- Also known as: Sam Strain
- Born: Samuel Strain Jr. December 9, 1939 (age 86) Brooklyn, New York City, U.S.
- Genres: R&B; soul; blues; Doo-wop;
- Occupation: Singer
- Instrument: Vocals (tenor)
- Years active: 1956–2004

= Sammy Strain =

American R&B vocalist (born 1939)

Samuel Strain Jr. (born December 9, 1939) is an American retired R&B vocalist, known for his time as a member of Little Anthony and the Imperials (1961–1972; 1992–2004) and The O'Jays (1976–1992).

He holds the unusual distinction of being twice inducted into the Rock and Roll Hall of Fame: in 2005 with the O'Jays and in 2009 with Little Anthony and the Imperials.

==Early life==
Strain was born to Sammy Strain Sr. and Margaret Mosley in Brooklyn in 1939. He visited the Apollo Theater as a teenager, and dropped out of Alexander Hamilton High School, Brooklyn age 16.

==Career==
Strain formed The Chips with several friends in 1956. He sang with a tenor voice.

In 1961, Strain joined The Imperials; they were later rejoined by their lead singer, Jerome "Little Anthony" Gourdine, and returned to the group's original name, Little Anthony and the Imperials.

Strain left the group in 1972 and was replaced by their choreographer Harold Jenkins. Strain then shifted to a career in food service, having a restaurant in Los Angeles and did not sing professionally for three years. At the end of that period, he was briefly a member of The Fandangos with Lonnie Cook and Alvin Walker. He also auditioned to be the lead singer for the group Arpeggio.

In 1976, Strain joined the O'Jays as the replacement for original O'Jays member William Powell, who left the group due to illness (colon cancer). Powell died shortly thereafter. In 1992, Strain left the O'Jays and rejoined the Imperials, singing with them until he retired from performing in 2004.

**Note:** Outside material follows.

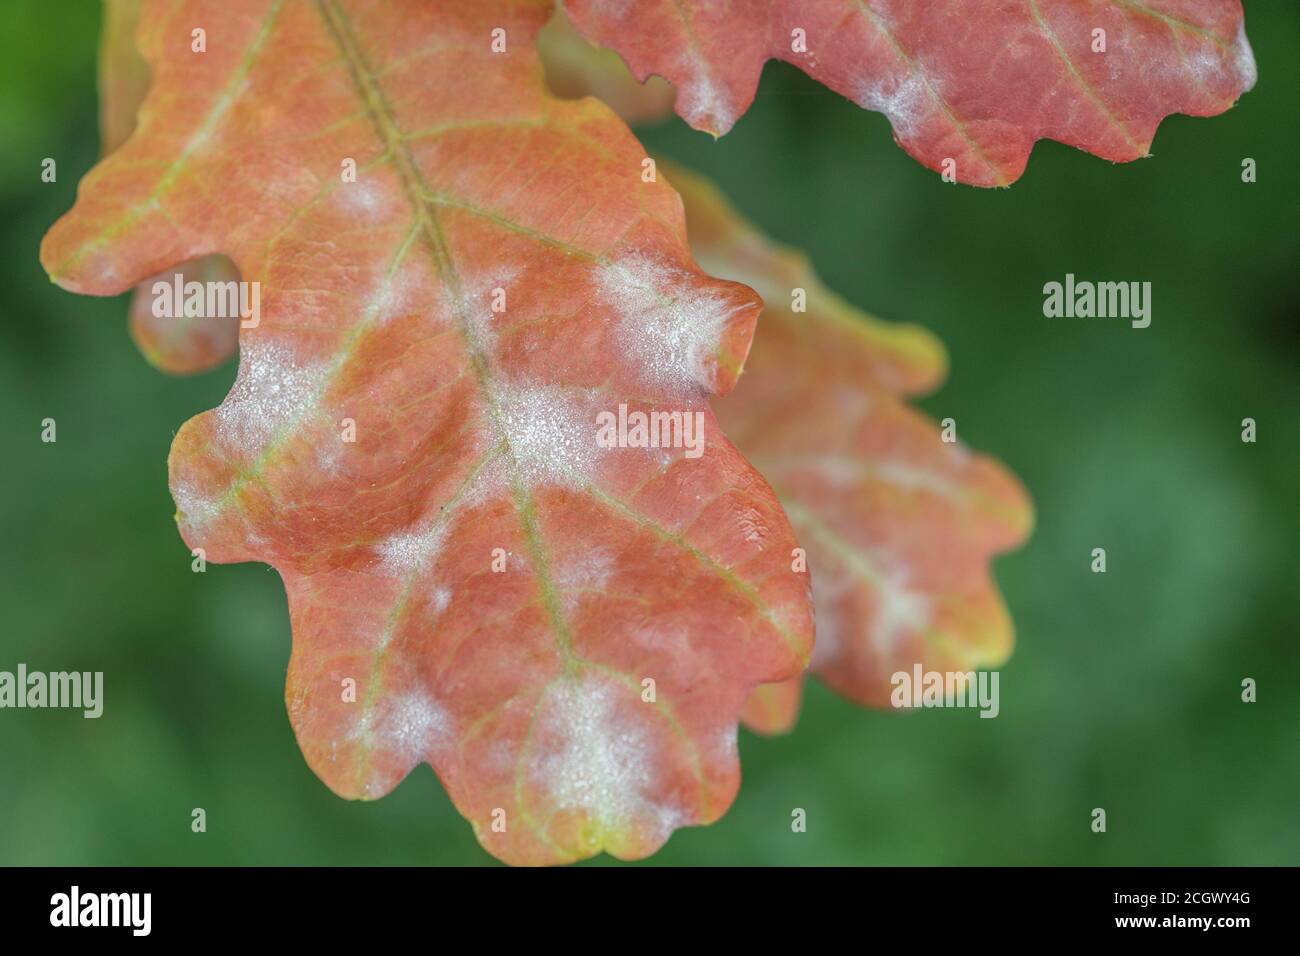 Close-up shot of Oak leaves covered with a powdery mildew, perhaps caused by fungus Erysiphe alphitoides / Microsphaera alphitoides. Plant disease. Stock Photo

Strain was twice inducted into the Rock and Roll Hall of Fame: in 2005 with the O'Jays and in 2009 with Little Anthony and the Imperials.

==Personal life==
Strain married the singer Yvonne Fair (now deceased). He is currently married to his second wife, DeBorah, and has two sons, Vincent and Shawn.

==Notes==
1.Some sources give Strain's year of birth as 1940 or 1941. However, he celebrated his 80th birthday in 2019 and most sources give 1939 as the year of birth, including the detailed biography in Echoes Of The Past magazine.